Ever since R600 samples were handed out by AMD, people have been asking me for R600 support in ATITool. It's coming along nicely, but is not quite ready yet. 
In the meantime you can use this nifty little tool from AMD. It can change 2D/3D clocks and lets you monitor temperatures of the card. It also works on RV610, RV630 and all previous products like the R5xx Series. It works under 2k, XP, Vista, 32-bit & 64-bit.



 



Download (440 KB)

*View at TechPowerUp Main Site*


----------



## WarEagleAU (May 3, 2007)

Thanks W1zz, this is fantastic.


----------



## mandelore (May 3, 2007)

omg, wooot! may be able to abandon using traytools for overclocking now in vista 

hmmmm, all i can do is change the clocks, the 2d/3d is greyed out and the temperature monitor wont work


----------



## L|NK|N (May 3, 2007)

W1zzard!!  I want to know what GPU you have that runs @ 1ghz.  Could it be a HD2900XT???


----------



## W1zzard (May 3, 2007)

LiNKiN said:


> W1zzard!!  I want to know what GPU you have that runs @ 1ghz.  Could it be a HD2900XT???



gameboy gpu


----------



## L|NK|N (May 3, 2007)

W1zzard said:


> gameboy gpu



Ahh man your holdin out on us!!!!  Well maybe it was a hint.  (Hope so) Those are screenies you took?  I feel like a kid in a kandy store.  Eat, sleep, s-s-s the 2900XT.


----------



## Frogger (May 3, 2007)

W1zzard said:


> gameboy gpu



That gameboy must  
thanks for the DL W1zz


----------



## Exceededgoku (May 3, 2007)

LiNKiN said:


> W1zzard!!  I want to know what GPU you have that runs @ 1ghz.  Could it be a HD2900XT???

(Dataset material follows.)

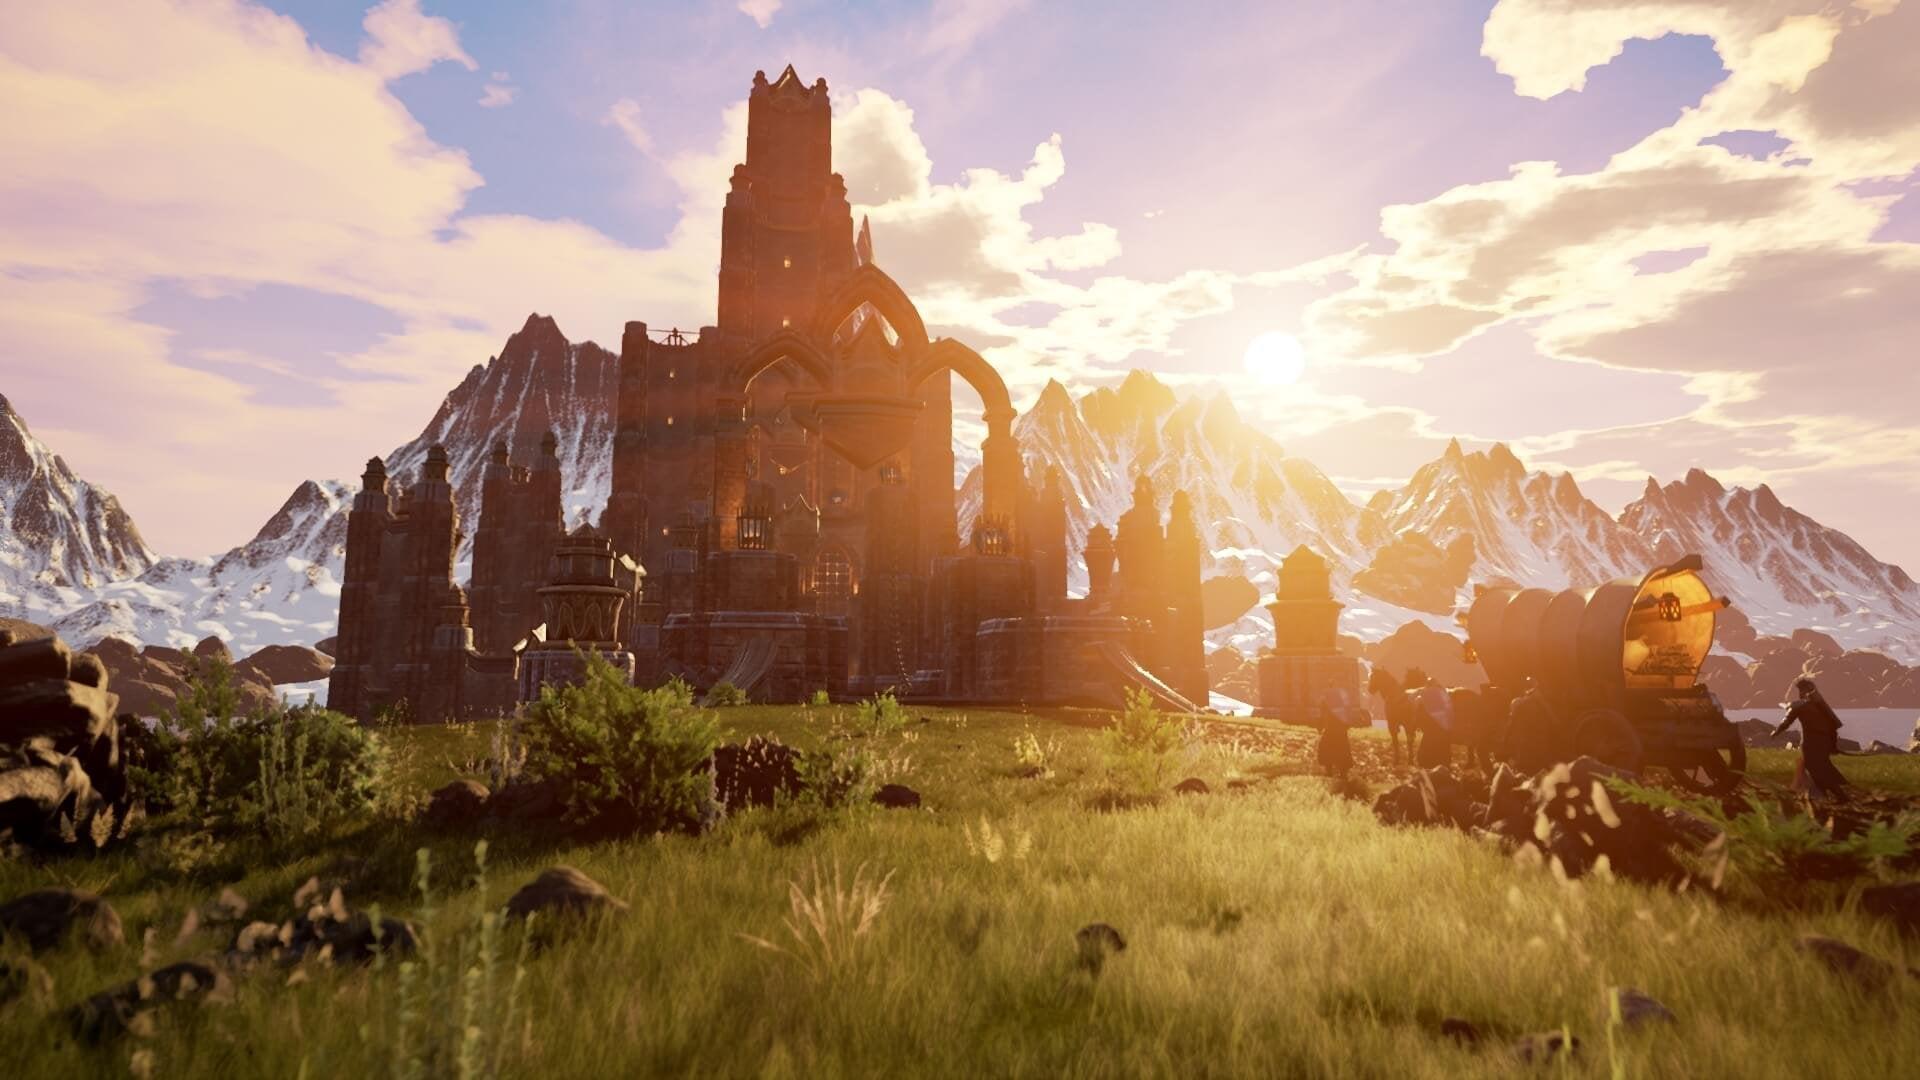 Ashes of Creation Alpha One 2020 Ashes of Creation MMO 2021 Gli MMO più attesi del 2021 e oltre video speciale MMORPG 2021 MMO.it 2021

in the second picture I think it's quite apparent... and who said W1zzard ahs one (although we all know he blatantly does )


----------



## tvdang7 (May 3, 2007)

so amd supports overclocking?


----------



## mandelore (May 3, 2007)

tvdang7 said:


> so amd supports overclocking?



lol, ati certainly do, overdrive??


----------



## SpookyWillow (May 3, 2007)

Exceededgoku said:


> in the second picture I think it's quite apparent... and who said W1zzard ahs one (although we all know he blatantly does )

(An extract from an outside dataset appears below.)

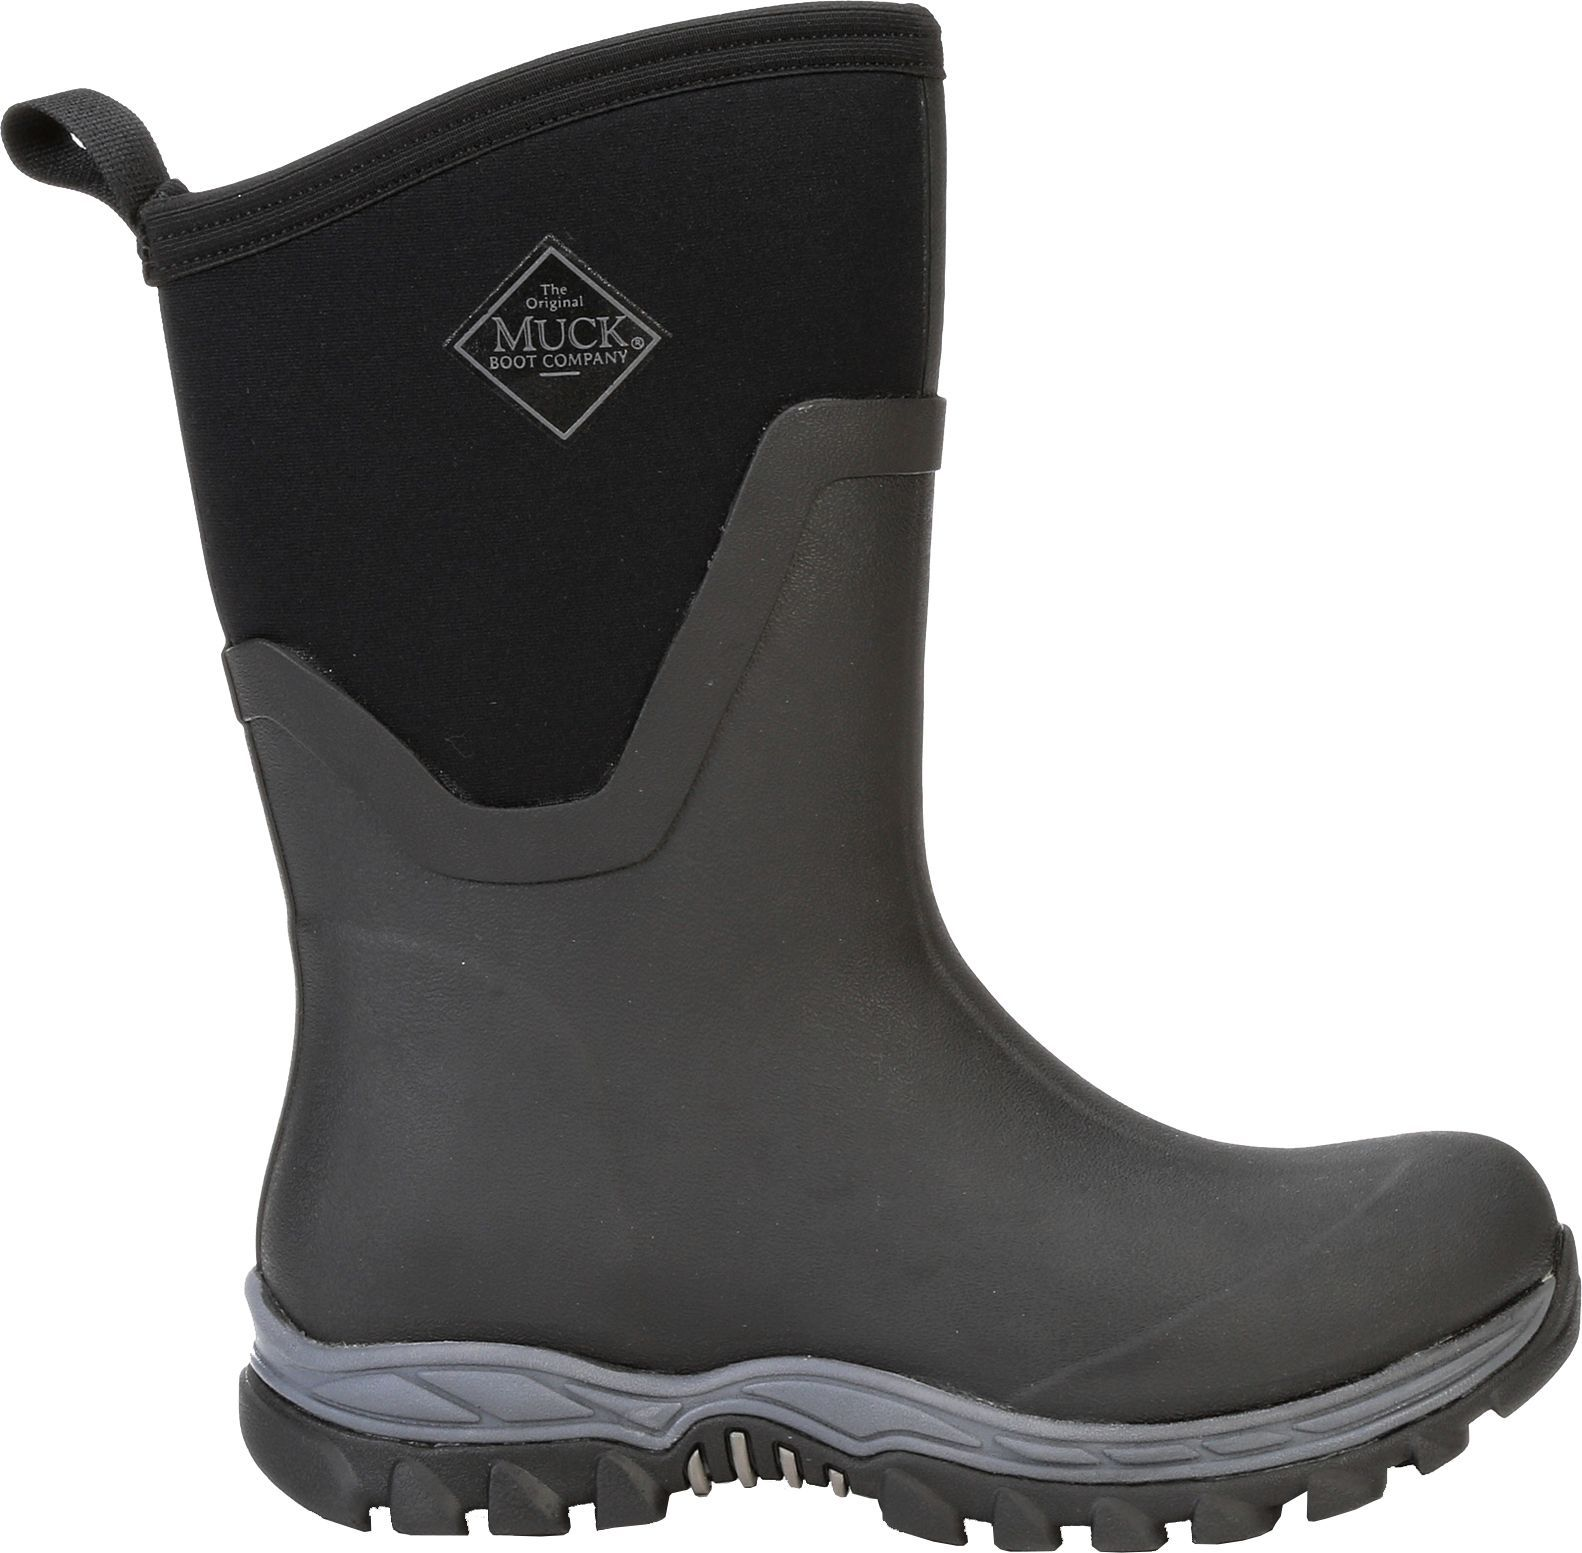 Muck Boots Women's Arctic Sport II Mid Winter Boots, Size

i thought that too but those clocks look way off, aren't they more like 750/2ghz +


----------



## SK-1 (May 3, 2007)

SpookyWillow said:


> i thought that too but those clocks look way off, aren't they more like 750/2ghz +



Not on 2D.ATI likes to save a little heat and power at times.


----------



## pt (May 3, 2007)

w1z house is going to be robbed soon, and a r600 will appear on ebay for 1million soon too


----------



## SK-1 (May 3, 2007)

Is this just for Vista and R600>?


----------



## SpookyWillow (May 3, 2007)

SK-1 said:


> Not on 2D.ATI likes to save a little heat and power at times.



ahh yes, those 2d/3d clocks that i have yet to meet, i have a x1950 and it only has one set of clocks


----------



## selway89 (May 3, 2007)

How many peeps have R600 cards atm? Does this work on X1950XT? Just that if it doesnt, then im guessing a very small number of people will find this tool useful at this present time...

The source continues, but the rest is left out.